Susanne Bier‘s Things We Lost in the Fire — a film I went nuts over last October, largely but not entirely because of Benicio del Toro‘s landmark performance as a recovering heroin addict — will be out on DVD tomorrow from Paramount Home Video.

In honor of this, here’s (a) my original review, (b) a highly perceptive, beautifully written assessment of Del Toro’s performance by the Houston Chronicle‘s Josh Rosenblatt, and (c) my explanation about why Fire or Del Toro’s performance never got any awards-season traction.
“There can there can be no beating around the bush about Del Toro’s performance as Jerry the junkie, a once-successful lawyer who’s slid down into the pit,” I wrote. “Over the course of this two-hour film he climbs out of his drug hole, brightens up, chills out and settles in, relapses, almost dies, and then gradually climbs out of it again. I’m starting to see this actor as almost God-like. He’s holding bigger mountains in the palm of his hand, right now, than De Niro held in the ’70s and ’80s. He’s one of the top four or five superman actors we have out there. There isn’t a frame of his performance that doesn’t hit some kind of behavioral bulls-eye.

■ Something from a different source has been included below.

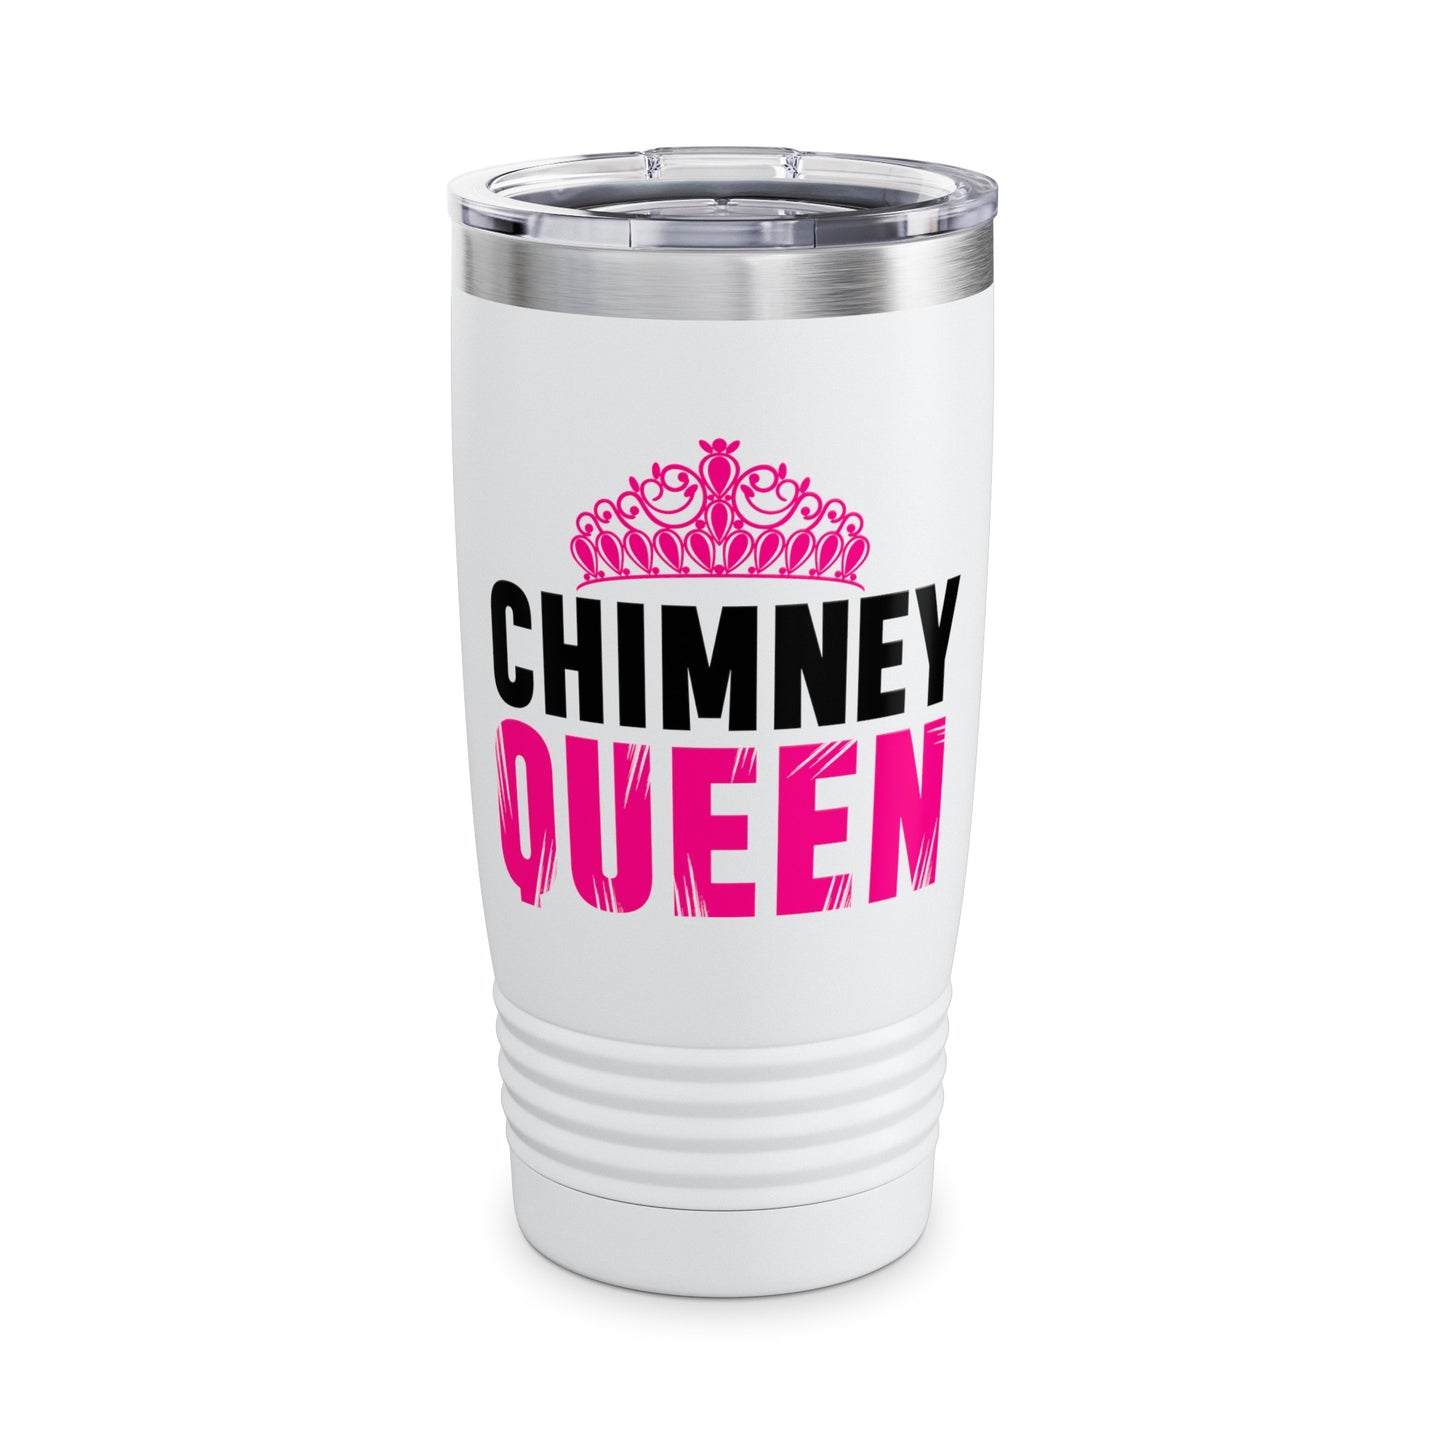 Chimney Queen Tumbler

Del Toro has “managed to top even himself [in this film],” Rosenblatt wrote. “His Fire performance is right up there with the best screen turns, not just of his generation but of all time: Brando in On the Waterfront. Hopkins in Nixon. Washington in Training Day. Rarefied air. He imbues Jerry with such life, such ambiguity, such unsentimental complexity and depth that you can’t help but feel you’re watching the most intricately mapped depiction of addiction and strained humanity the film world has ever given us.”
The Stranger‘s Andrew Wright wrote that “you’re mainly going to be watching Del Toro, who somehow slinkys and random-tangents his way into a fully realized being who’s never more soulful than when he’s dealing with the monkey on his back. The film has yet to be made that fully does justice to Del Toro’s alien transmissions, but Bier comes awfully close.”